Any picture in the range stays out of the copy; retype exactly the lines from the one with "LIVARNO HOME® Żarówka filamentowa" to the end of the listing.

» **Collected data**

════

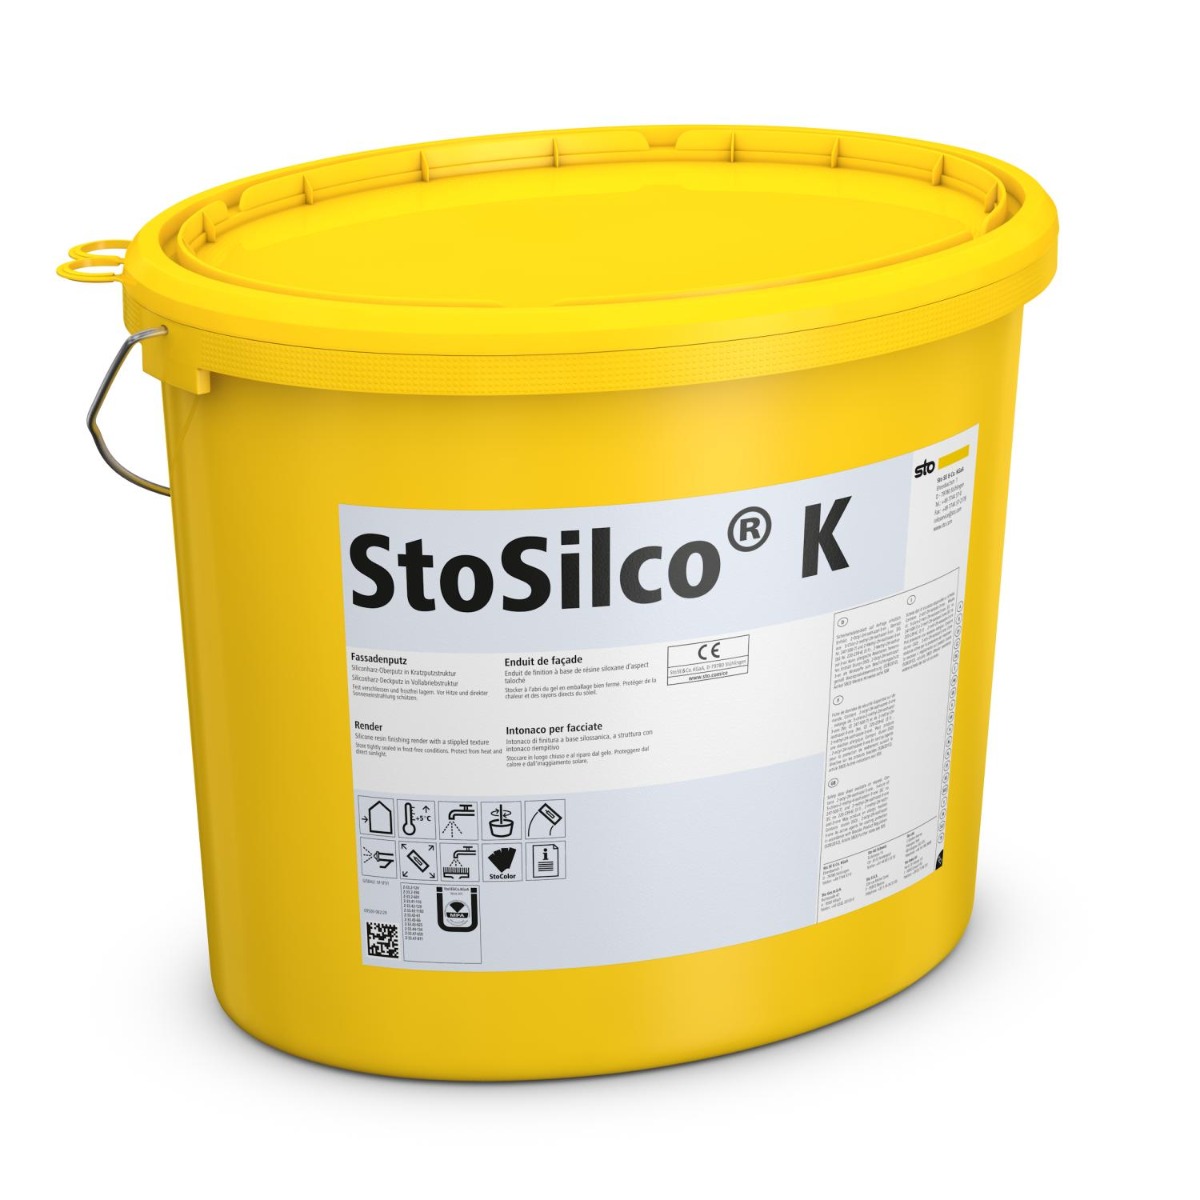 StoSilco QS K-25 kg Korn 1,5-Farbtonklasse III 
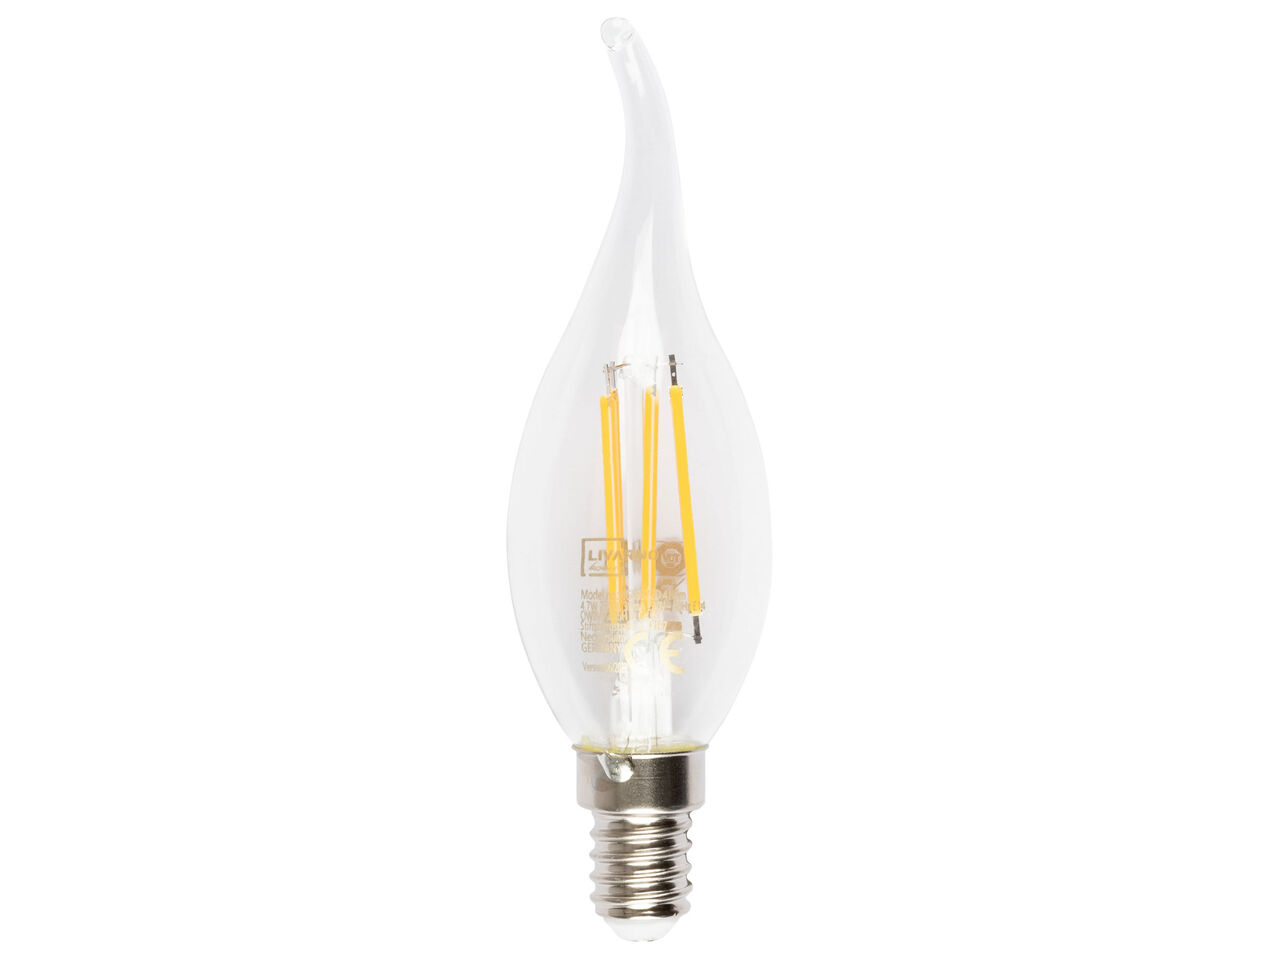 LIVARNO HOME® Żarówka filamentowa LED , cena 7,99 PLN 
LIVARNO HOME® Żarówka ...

════

» **Solution to this problem**
 LIVARNO HOME® Żarówka filamentowa LED , cena 7,99 PLN 
LIVARNO HOME® Żarówka ...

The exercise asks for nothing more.